Thursday, October 8, 2009

T is for Tree B Gone

This is our tree, the American Sweetgum, Liquidambar styraciflua (I like the Latin name). It's the tallest tree on our block and it is at least sixty years old. You can see it above all the other trees. Our estimate is over 100 feet. We've taken care of it and had it pruned every year and it keeps growing.

But it's too close to our house. A couple of years ago we saw a show on maybe the Home and Garden channel about a house whose foundation was really damaged by their tree and ever since then we've been watching that tree.

Mr. Truck never liked it anyway. All year round, winter, spring, summer, fall, these seeds drop off the tree. He spends hours and hours picking them up. They hurt if you step on them and they don't even compost very well.

But this year the fence was bulging. And that never happened before. Digging around it, Mr. Truck found this root. From the tree. Heading towards our foundation. And no it's not a branch, we dug it out of the ground.

So we called The Tree Service and Mr. Truck declared August 26 Tree B Gone Day. It's really sad but the Tree Service told us the horror story of other people's foundations with $30,000.00 worth of damage.

So the nice men from The Tree Service came and brought all sorts of equipment and went so high in the tree that I couldn't even watch.
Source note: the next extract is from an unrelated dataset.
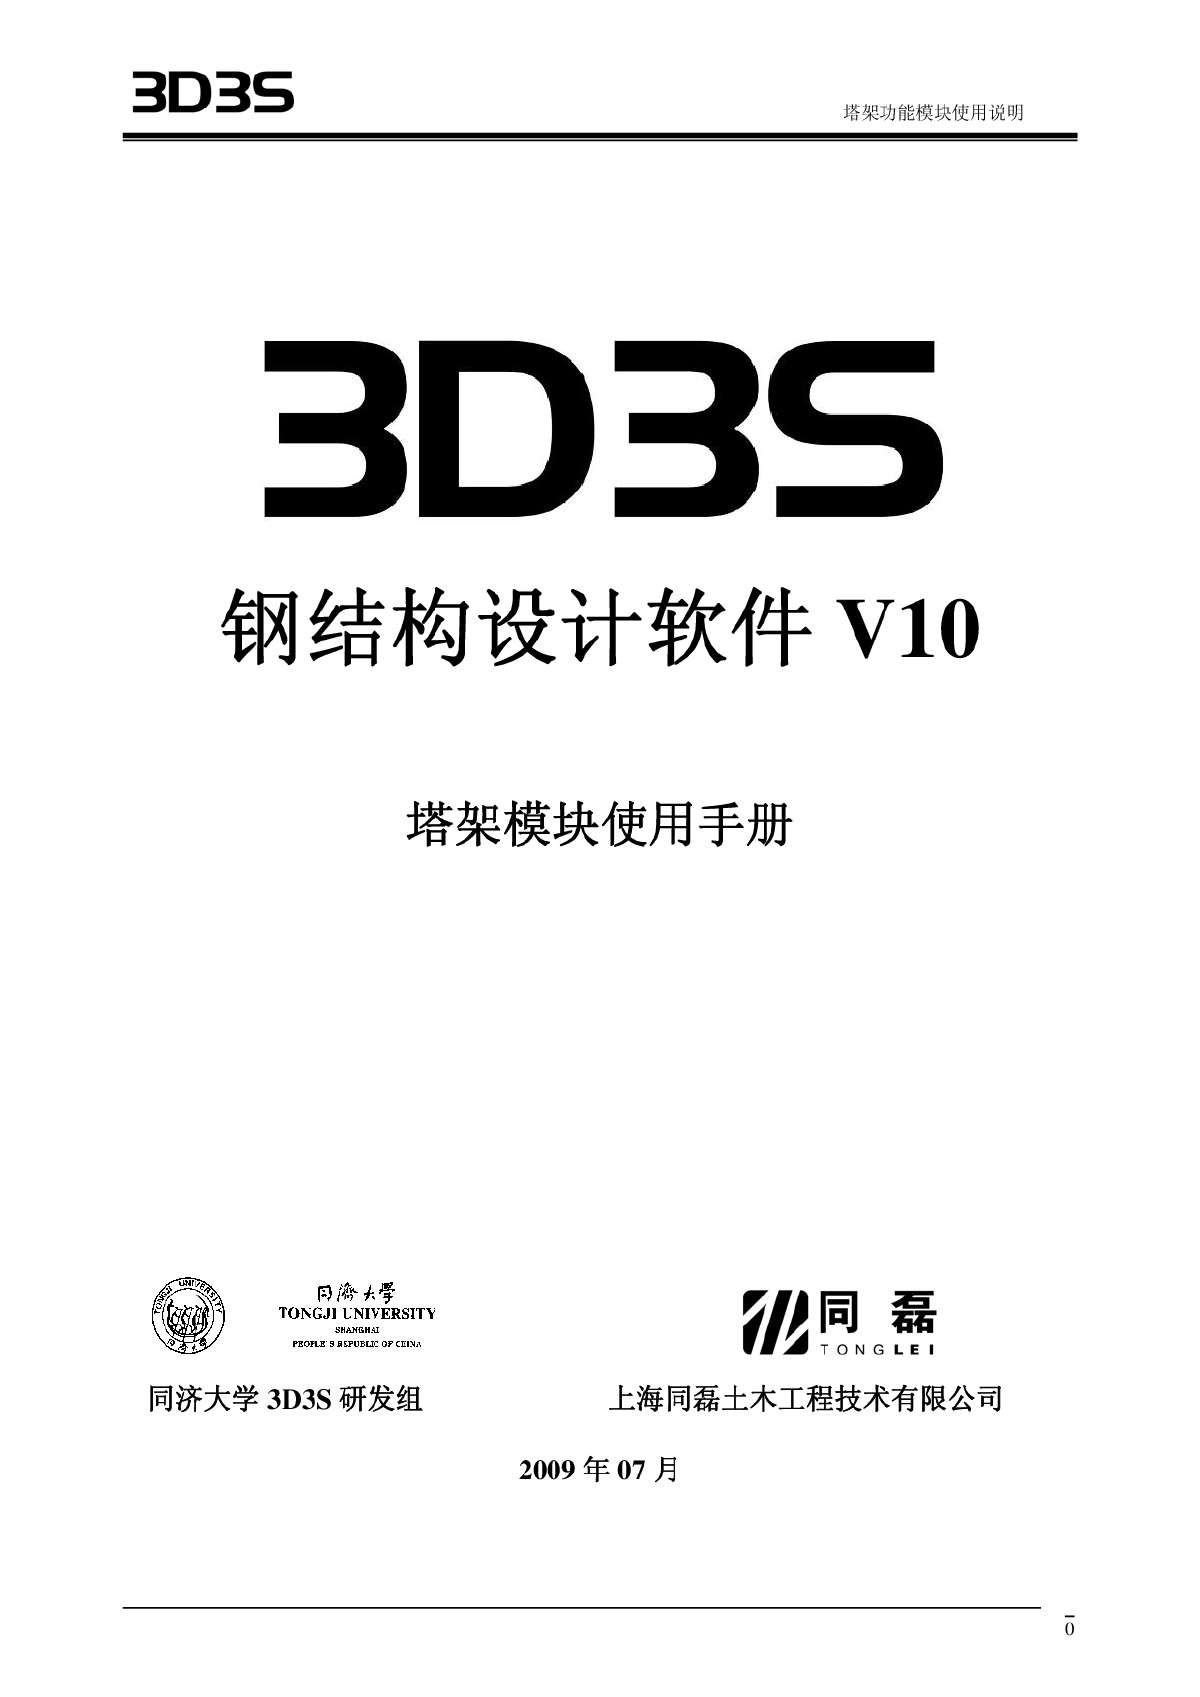 3D3S塔架模块使用手册

When the branches and especially the trunk hit the ground, the house shook.

And they chipped it all up and carted it all away.

Then they got out the really big equipment and ground down the trunk, 3 feet into the ground. Now I was under the impression that they would take all that with them, too. But when they left this was still here. We just looked at each other. Where were we going to put that much mulch? I spread it everywhere I could and it didn't even make a dent in the pile. What to do? So Mr. Truck made a sign that said "Free Mulch." He stuck it in the pile and we waited. It was there Thursday, it was there Friday, it was still there Saturday. On Saturday I spread more around the shrubs. Sunday morning we woke up and it was gone. We don't know who or how, we never heard anything and the dogs didn't even bark. So now the tree is really gone.

We're planning on planting a small tree this spring. I'm leaning towards a Kousa Dogwood.


Sara said...

Very sad. But a torn up foundation is even sadder. I'm glad you are planting another tree...and that someone claimed all that mulch. :-)

Wanderingcatstudio said...

Its a shame about the tree but I absolutely understand! Glad to hear your going to plant a new one. My grandparents have four acres and several of the trees are dying and need to be cut down. I'm going to surprise my gramma this spring with several new ones.

Not ready for handspun said...

We have a flowering Dogwood - but it's been quite finicky. Seems to suffer from too much sun and heat at the end of the suffer and get leaf burn. Maybe your Dogwood will be more successful!

Iron Needles said...

How I miss dogwoods. I loved them when I lived in KY and MO. The only really big trees we get here are cottonwoods. Well, unless you count the pines in the mountains. I do miss the hardwoods back east...or even in the midwest. Sorry about the tree having to come down, but sometimes they got to go.

Marie said...

I'm sorry to see the Sweetgum go. We have 2 of our own that shade the western side of our house. Did you know they make great fire starters (wait till they are all dried out - about late winter/early spring - then, keep them until next year. Better than any newspaper you'll find.)? They are also great for providing drainage in large pots. Plus, they are great for killing off grass. Just pile them up in a certain area and by spring of next year, the grass is dead. When you have a surplus of them every year, you get resourceful.
I love your new tree choice. I have 5 dogwoods in our yard and they are beautiful. Another option would be the Eastern Redbud, a fast grower and equally beautiful tree.
Regarding Handspun, be sure to mulch your dogwood and water it weekly during the summer when there is no rain in sight. I've brought 2 dogwoods back from the dead that way. It's true that they do better if allotted shade in the heat of the day.